A Case Study of CET’s Repurchase & Burning Mechanism

A Case Study of CET’s Repurchase & Burning Mechanism

In the crypto market, though most cryptocurrencies share similar underlying technologies, they are designed based on different economic models known as tokenomics. To be more specific, some cryptos feature a supply that increases over time, while some others have a fixed supply. Yet, a minority of cryptos come with a diminishing total supply that looks deflationary. Such tokens are referred to as deflationary cryptos.

We all know that some cryptos with a fixed supply, such as Bitcoin, are generally deflationary by default. Most members of the Bitcoin community reject inflation because it often represents a loss of value. For instance, a real-world currency issued by the government often controls the entire financial system of the country. If a government frequently issues a large supply of currency via the central bank while setting low interest rates and buying a huge amount of foreign bonds, the country will be prone to a credit crisis and even worse an economic depression.

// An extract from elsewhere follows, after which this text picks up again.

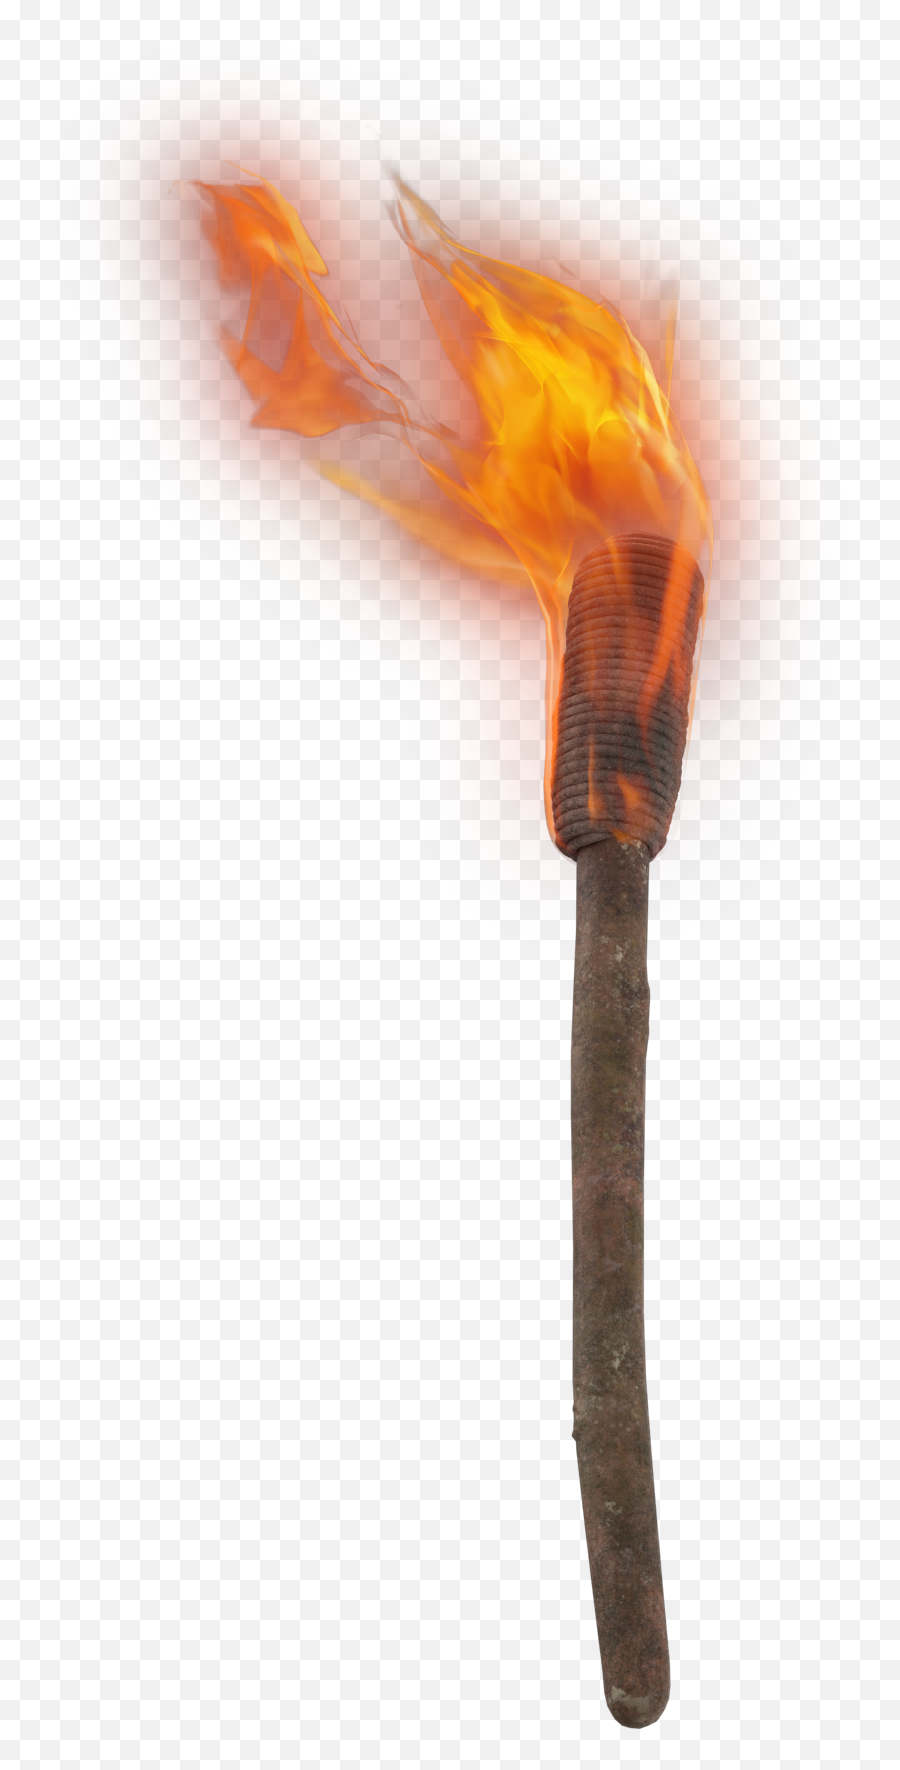 Hand Torch Png Image For Free Download - Flame,Torch Transparent

Before publishing the BTC whitepaper, Satoshi Nakamoto had noticed that real-world currencies issued by the government are subject to inflation, which inspired him to develop an alternative store of value that’s similar to precious metals but is achieved digitally. Bitcoin’s flexible mining difficulty and mining reward mechanisms help it suppress inflation. Meanwhile, the unique design of Bitcoin continues to drive up its value. It should be noted that Bitcoin is deflationary not only because of its fixed supply but also because the block reward is halved about every four years.

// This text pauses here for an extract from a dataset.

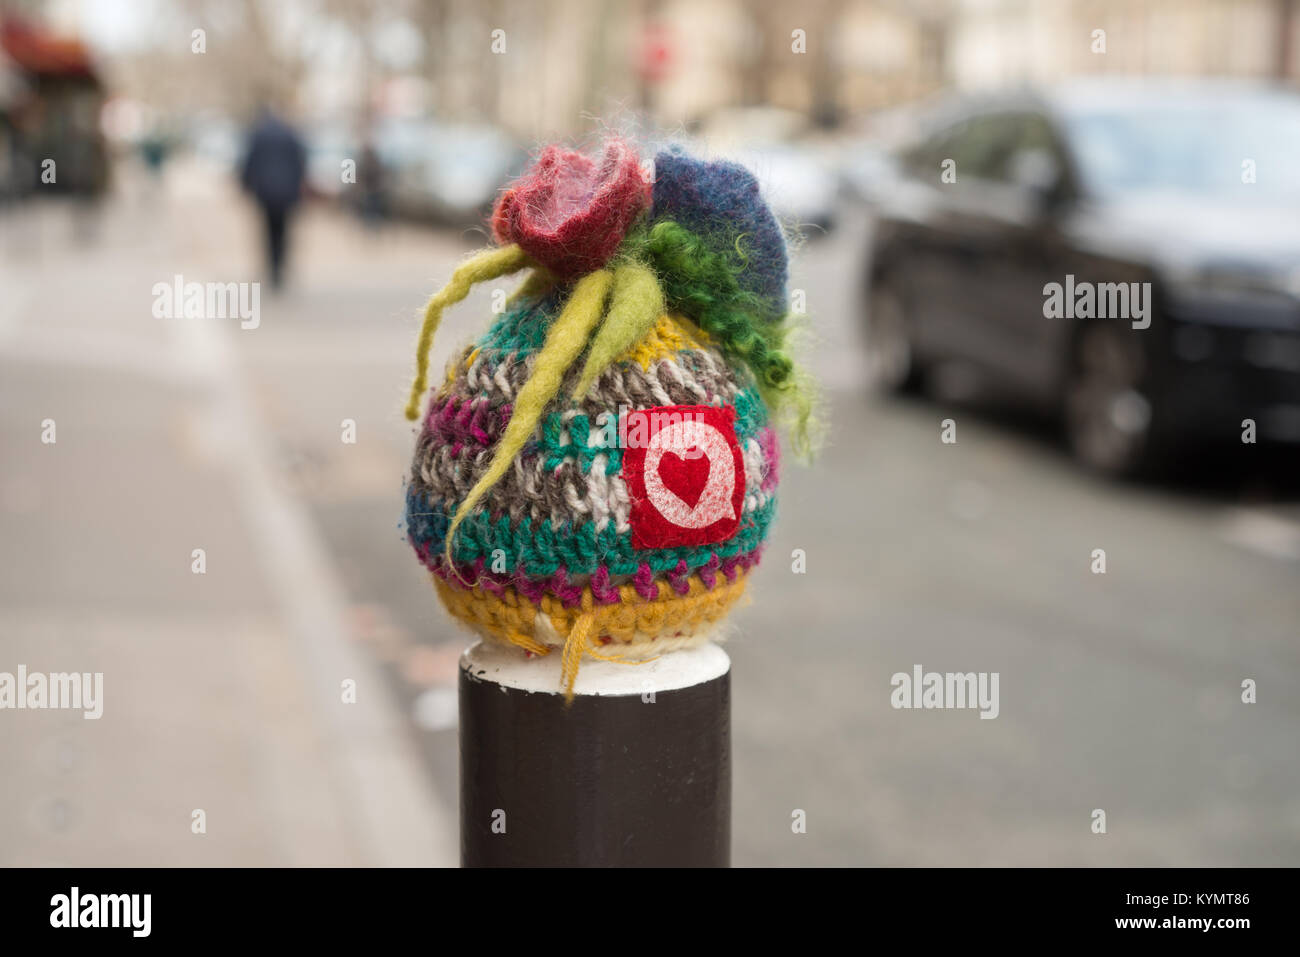 Knitted top of a bollard in Paris, France Stock Photo

Deflationary cryptos like Bitcoin represent not only innovative blockchain architectures and cutting-edge consensus mechanisms but also a broader experiment of moving the deflationary long-term stores of value from the real world to the crypto space.

Normally, the perk of having a deflationary cryptocurrency lies in the fact that as the total supply and the circulating supply decrease, the crypto will become more valuable, and more crypto users will pay attention to the crypto and invest in it.

We could make a token deflationary by burning a certain percentage of the supply, repurchasing and burning some of the tokens, or repurchasing and holding the tokens. The most common method is to burn tokens manually. For instance, CET, the platform-based token of the global crypto exchange CoinEx, is a token that becomes deflationary via repurchasing and burning.

According to the value agreement of CET, CoinEx will repurchase CET every day with 50% of its trading fee income and burn all CET repurchased at the end of each calendar month until the total supply of CET reduces to 3 billion. In the next stage, the exchange will continue to spend 20% of its trading fee income upon CET repurchase and burning until the remaining CET is completely burned.

The total supply of CET is 10 billion, and through continuous efforts, CoinEx has repurchased and burned about 6.3 billion CET, and the current total supply stands at approximately 3.5 billion, according to the data on its official website as of May 19, 2022. As more tokens are repurchased and burned, the CET price had been growing throughout 2021, which attracted the attention of many crypto users. As CoinEx continues to repurchase and burn CET, the circulating supply of this deflationary token will keep dropping, and the value of CET as an ecosystem-based token will also rise over time.

Generally speaking, crypto users prefer deflationary tokens. In the long run, the value of deflationary tokens will increase as their circulating supply continues to drop, or in other words, the net worth of deflationary tokens held by their owners will be on the rise.